What you will do - Only text belongs in your copy of the listing below; reproduce it exactly and leave out the pictures.

The data -
>>>>
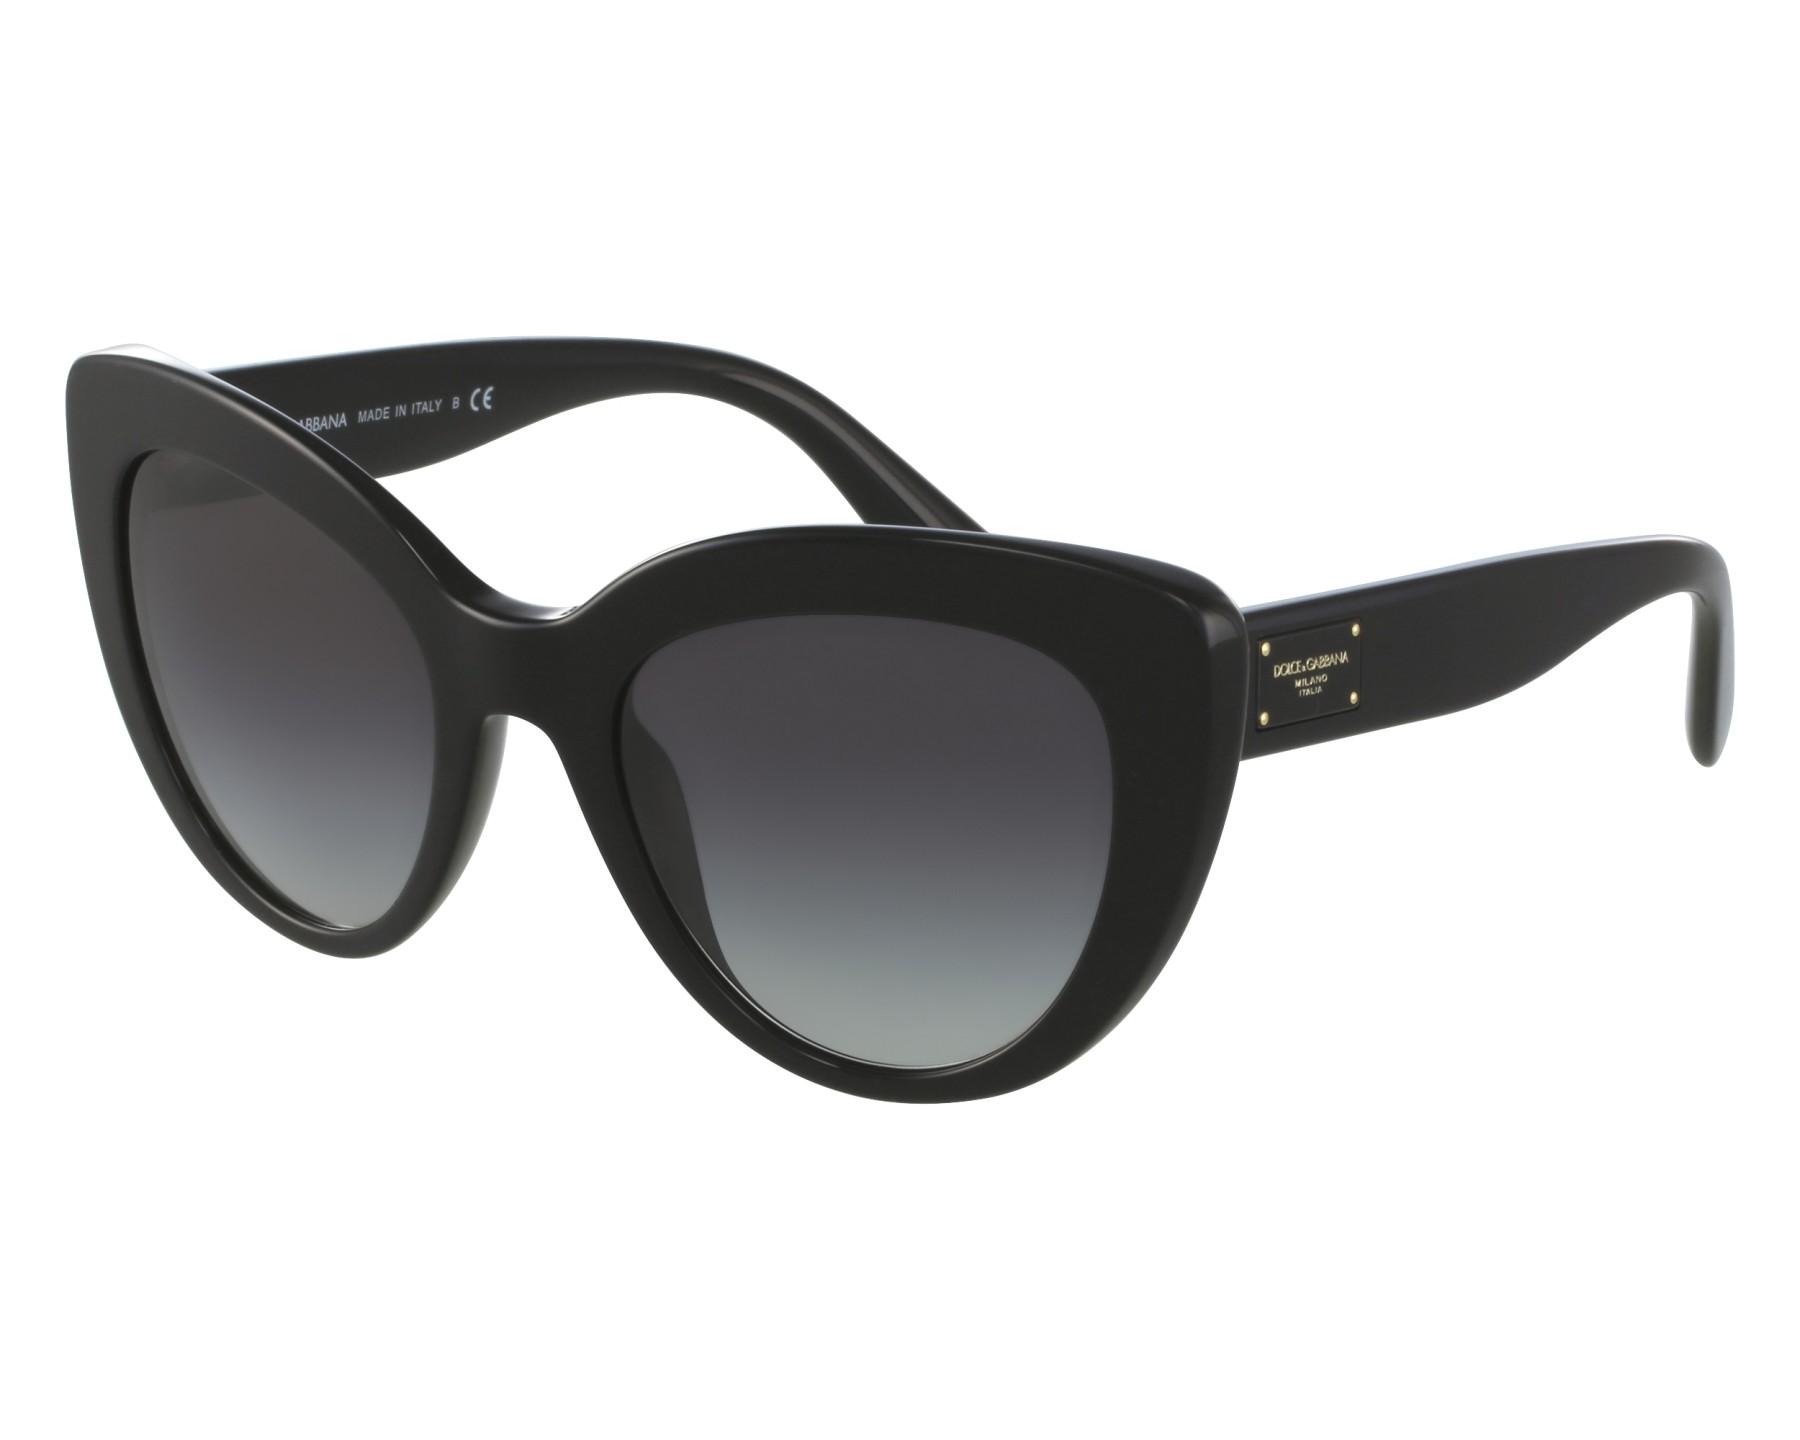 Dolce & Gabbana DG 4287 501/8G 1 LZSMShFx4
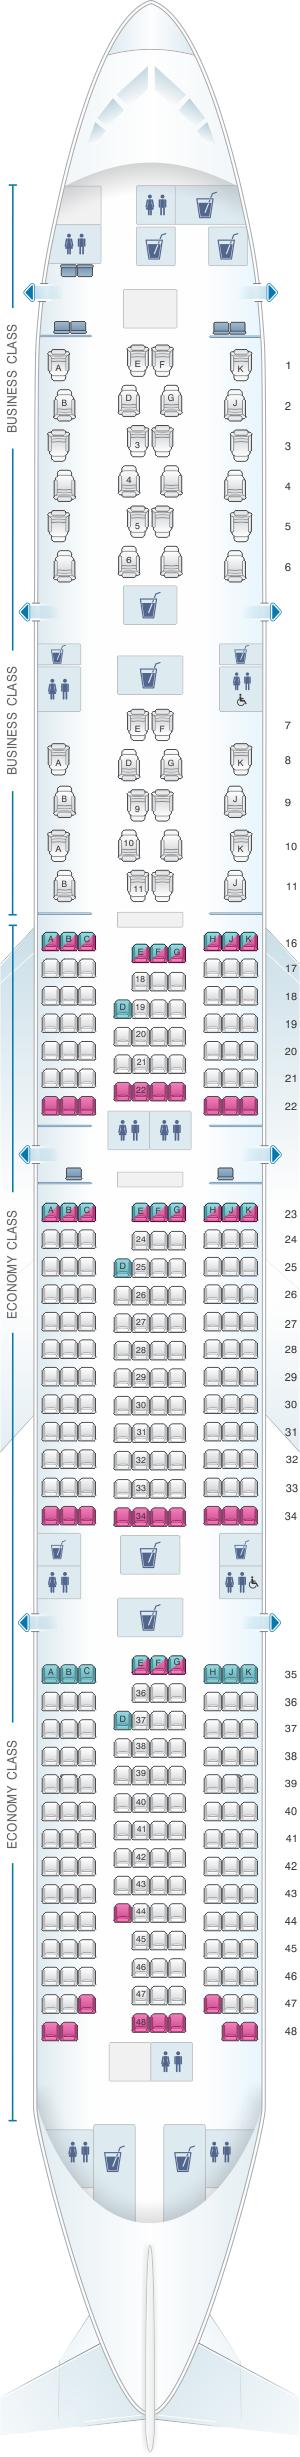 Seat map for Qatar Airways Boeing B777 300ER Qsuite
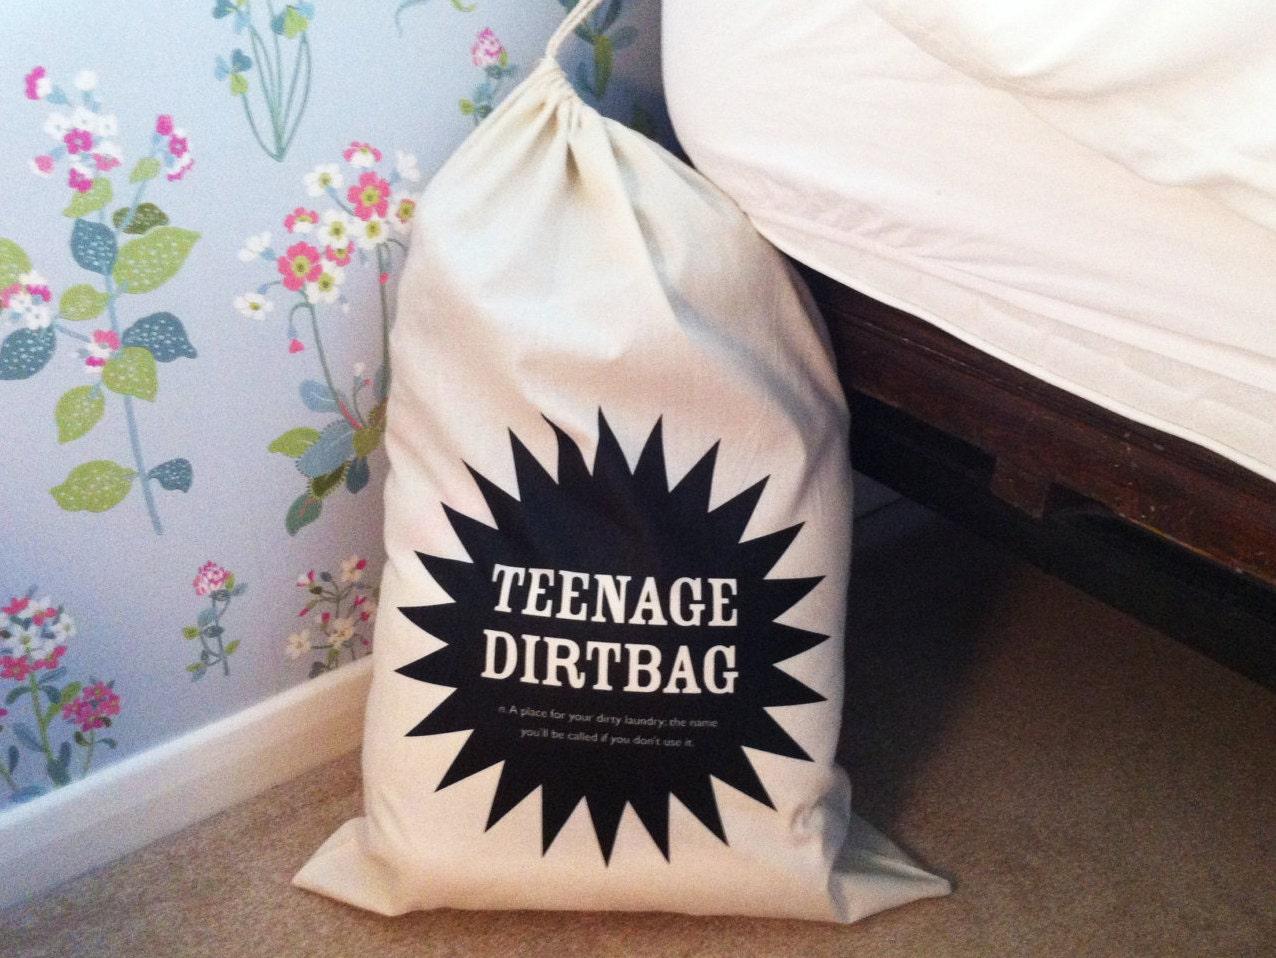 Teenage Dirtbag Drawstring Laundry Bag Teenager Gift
<<<<
Written solution -
 Dolce & Gabbana DG 4287 501/8G 1 LZSMShFx4
 Seat map for Qatar Airways Boeing B777 300ER Qsuite
 Teenage Dirtbag Drawstring Laundry Bag Teenager Gift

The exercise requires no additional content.